Барнаби подумал, что, возможно, этот человек недоумевает вполне искренне. Сообщения об убийстве не было в часовых новостях, с телефонной станции сообщили, что Брайану сегодня утром никто не звонил. Трой воспользовался временным затишьем, чтобы вознаградить себя печеньками, — ухватил от души, но и с оглядкой, пусть не думают, будто он отправляет в рот одну за другой, молотит без перерыва. Он был голоден. И в глотке у него пересохло (чай положения не спасал), не говоря уж о том, что сержант мечтал покурить. Он поймал взгляд шефа и поспешно вернул очередное печенье на тарелку.
— Восхитительный вкус, — сказал он, открывая блокнот, — в детстве мы называли его «печенье с давлеными мухами».
— Боюсь, у меня плохие новости, — объявил Барнаби, когда Брайан допил чай.
— Мэнди?! — Чашка стукнулась о блюдце, остатки чая расплескались.
— Нет-нет, — поспешил успокоить Барнаби, — ваша дочь тут ни при чем.
Трой наблюдал, как краски постепенно возвращаются на мертвенно бледную физиономию Брайана. «Вот и я такой же стану, — подумал он, — когда Талиса Лин пойдет в школу. Не будет ни минуты покоя». Это внезапное озарение подействовало на него чисто физически: будто чья-то ледяная рука сжала его внутренности. Пока сержант старался мысленно ослабить ее хватку, Барнаби объяснял Брайану цель их прихода.
— Джеральд? — Первоначальное удивление очень быстро сменилось взволнованной, почти радостной заинтересованностью. «Ликующей» — пожалуй, вот подходящее слово. — Подумать только… Я видел его буквально вчера, — изрек Брайан уверенным, самодовольным тоном.
— Мы знаем, что видели, мистер Клэптон. — У Барнаби не было времени наблюдать демонстрацию притворного горя и еще меньше — неприкрытое ликование перед лицом насильственной смерти. — Вы не могли бы рассказать, при каких…
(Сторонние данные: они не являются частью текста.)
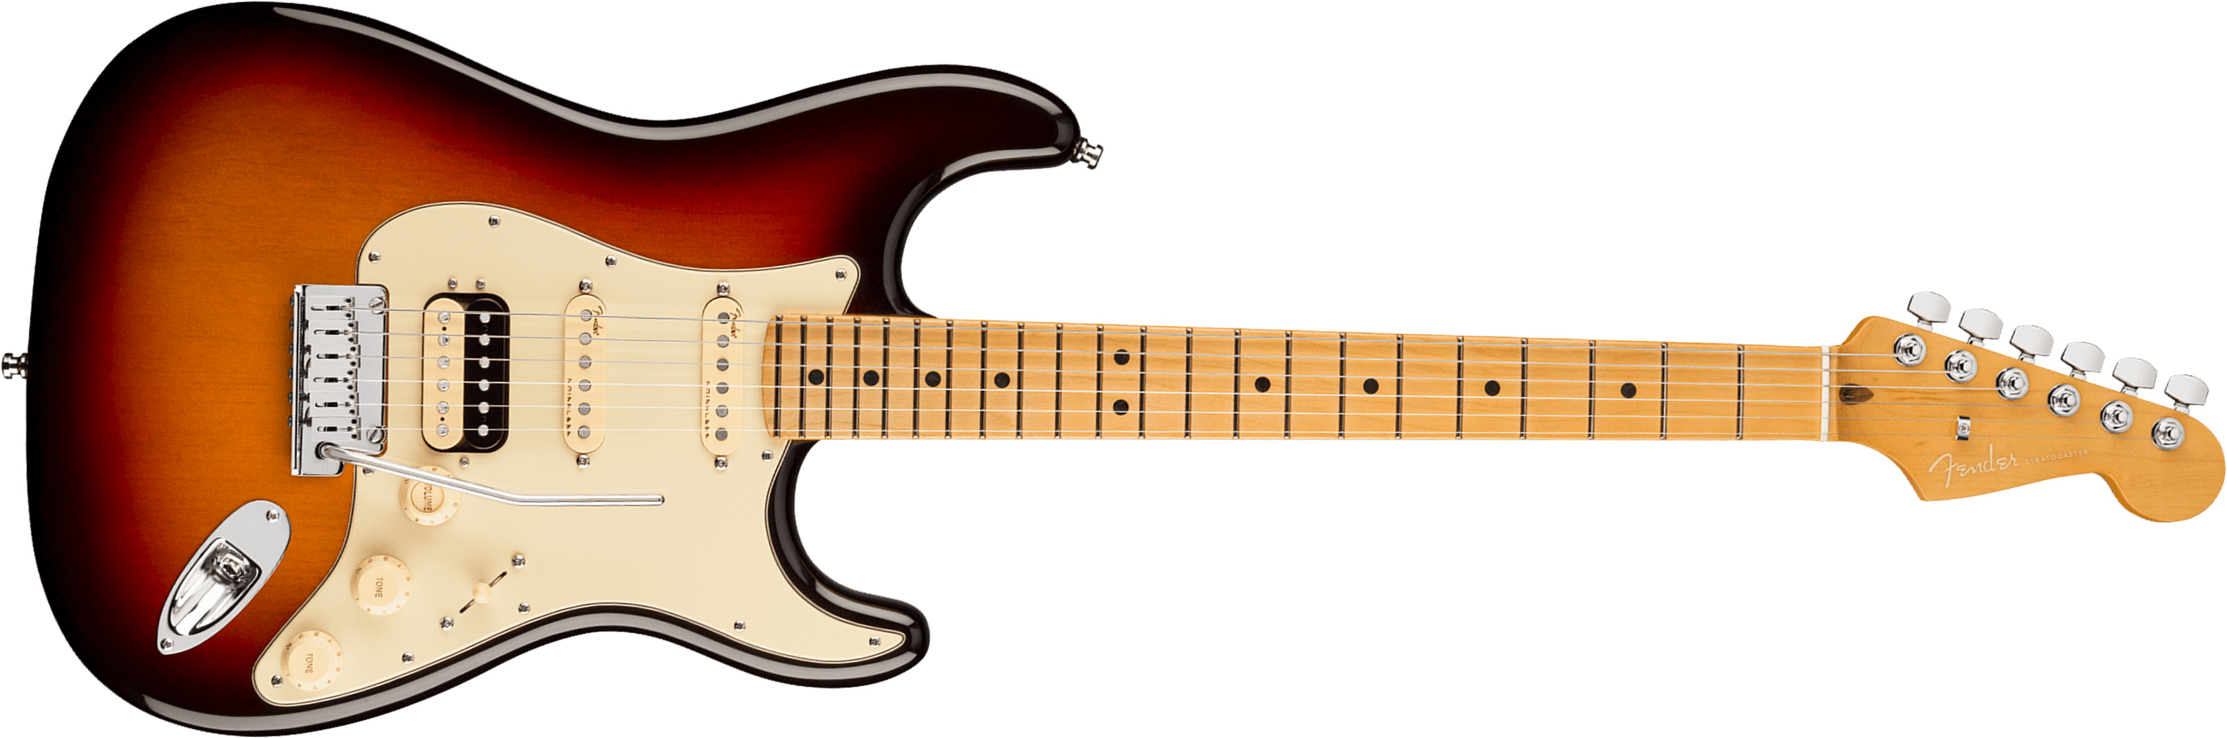 Fender Strat American Ultra Hss 2019 Usa Mn - Ultraburst - Elektrische gitaar in Str-vorm - Main picture

— Это был в высшей степени странный вечер.
— Правда? В каком смысле «странный»?
— Напряженность. Скрытая напряженность. — Брайан откинул назад длинные, жидкие коричневатые пряди. — Скрытая, но, разумеется, не от человека по-настоящему чуткого. Именно таким и должен быть пишущий.
Барнаби поощрительно кивнул и откинулся на спинку дивана, устраиваясь поудобнее. Кажется, это надолго.
— У меня здесь театральная студия…
Брайан наконец разговорился, даже разоткровенничался, как это часто случается с людьми, все секреты которых немногого стоят. Пользуясь этим, Трой отложил шариковую ручку и, прежде чем шефу удалось вернуть свидетеля к «скрытой напряженности», успел ухватить еще два печеньица «с давлеными мухами». Так все-таки, может быть, мистер Клэптон пояснит насчет «скрытой напряженности»?